Critics point to the dot-com era for a cautionary parallel: during that cycle, debt-financed build-outs such as fiber networks contributed to a collapse when expected demand didn’t materialize. If billions of dollars of data centers are built and not needed, lenders and corporate sponsors could be exposed.
Worry deepens around circular and backstopped deals. Reports of a roughly $100 billion financing arrangement tied to Nvidia and OpenAI raised concerns that vendors are effectively funding customers who then spend on those vendors’ chips, inflating apparent demand. Smaller providers like CoreWeave, which pivoted from crypto mining to AI renting, have become deeply intertwined: OpenAI took equity in exchange for capacity, Nvidia holds stakes, and commitments to absorb unused capacity through long horizons can obscure true market appetite. Acemoglu likens these layered guarantees to a fragile house of cards.
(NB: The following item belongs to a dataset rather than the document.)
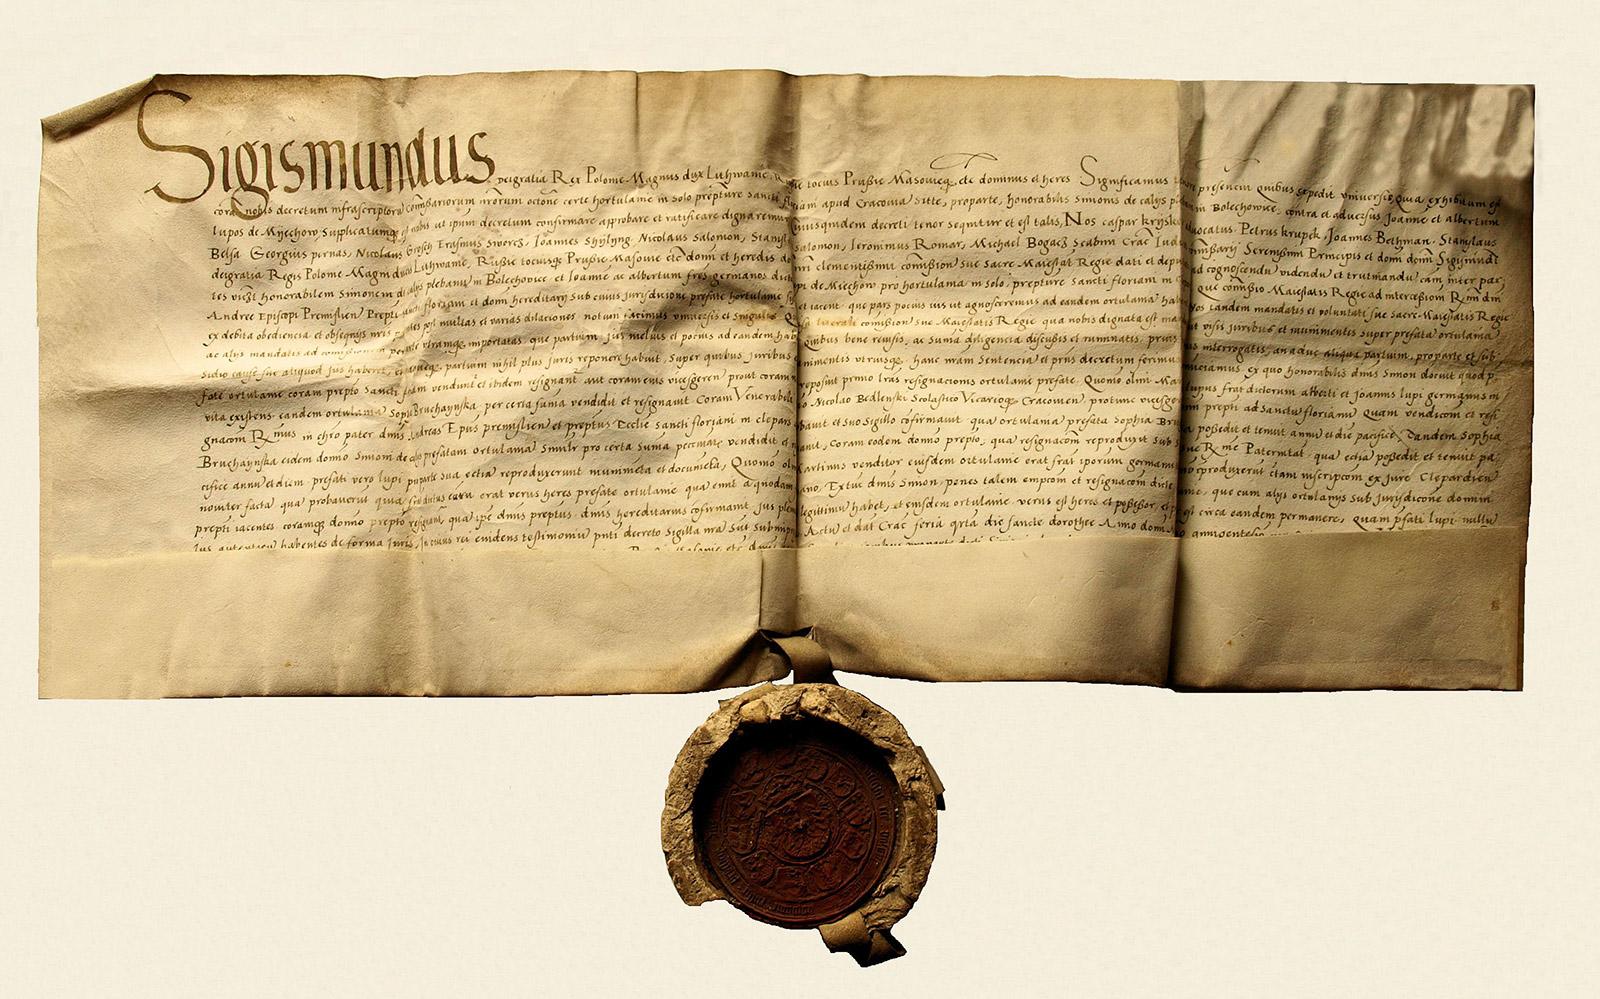 Sigismundus 1527 r.

Market signals are starting to show unease. High-profile investors have trimmed or exited large AI-related stakes: Peter Thiel reportedly sold his Nvidia holding, SoftBank pared back exposure, and Michael Burry has publicly bet against Nvidia, accusing parts of the industry of accounting tricks and circular financing that hide weak end demand. Even some industry leaders acknowledge excess: Sam Altman has said investors are broadly overexcited about AI, and Google’s Sundar Pichai has warned of elements of irrationality that could leave companies vulnerable if sentiment turns.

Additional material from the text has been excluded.